Don't really like the way you solder the wires to the PCB, it's the best connection but I'm a bit worried about the longevety of this solution. I soldered 2,5 mm² cables straight on without to much trouble, but in hindsight would probably have used short, thin connecting cables to remove the stess of the board.

Mounting is a bit strange, the idea is to mount it into a thin panel and then use the supplied metal wings to keep it in there. I prefer to have mine a bit more sturdy fixed and was able to use the threaded bolts on the back side to bolt to a steel brace.

*Tech stuff:*

These are ribbon tweets of rather compact dimensions, think two packs of Juicy fruit gums side by side and you get the idea. 

They reqiure a rather high cross over point, ideally over 5 kHz so they are most suited to top off a good 3-way system up front.

They are also rather effective, no problem running them on a small amp.

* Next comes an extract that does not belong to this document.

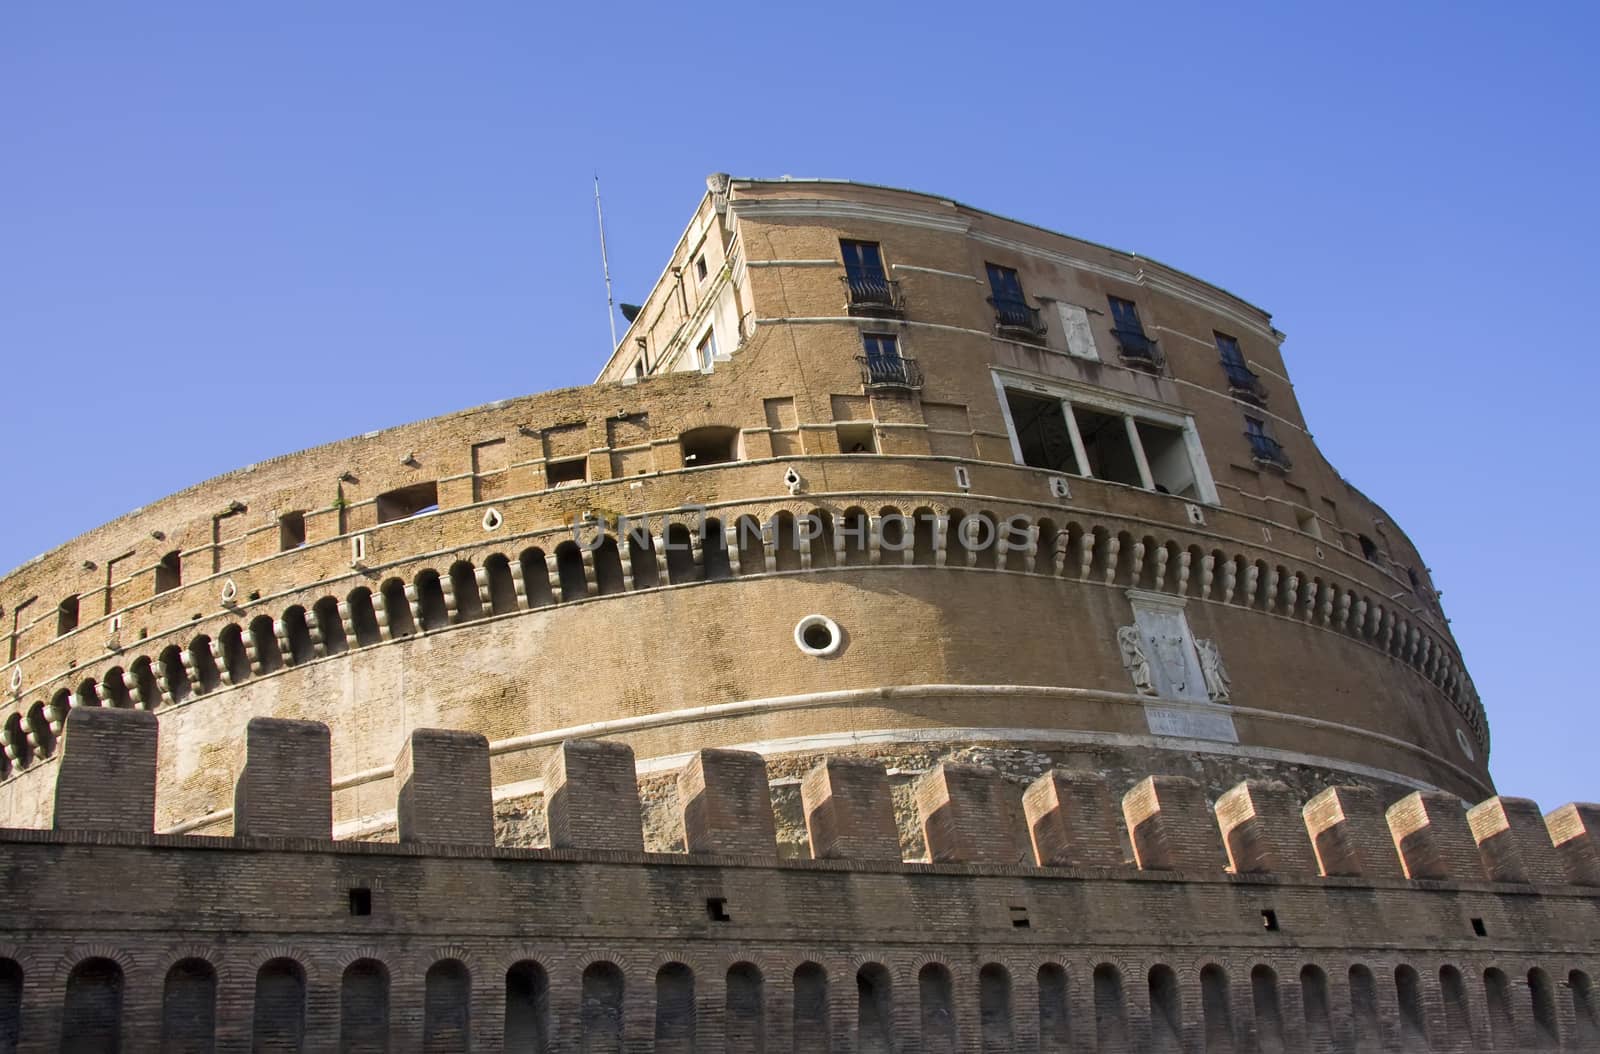 Side view of Castle Saint Angelo in Rome by fotoecho

Cost, well I guess somwhere around $350-400 for the pair. (No I rather don't want to ship to the US, EB should have a distributor there by now!)

Italian data sheet http://www.ebacoustic.it/prod_images/LSplan.pdf

*
Listening impressions:*

WOW. I changed from using the smaller brother Tec Surface TW which does quite a good job. But this is in another league.
The soundstage is wider, deeper and more defined. By quite a lot. 
But it is tonally where it really shines. String sounds and piano overtones, the complex harmonics of overlayed cymbals and shakers all is properly resolved in a way that really puts a smile to my face. There is plenty of defenition, but in a relaxed way. I hear new things in dics I've had for a decade.

*Negatives:*
I don't enjoy listening to my home rig as much anymore. (And that's a fairly good one.) I arrive late to things as I just have to listen to the next song. 

*Verdict:*
I can't imagine doing a car for myself without them.


----------



## WLDock (Sep 27, 2005)

Nice review! What models are still in production? PM/email sent.


----------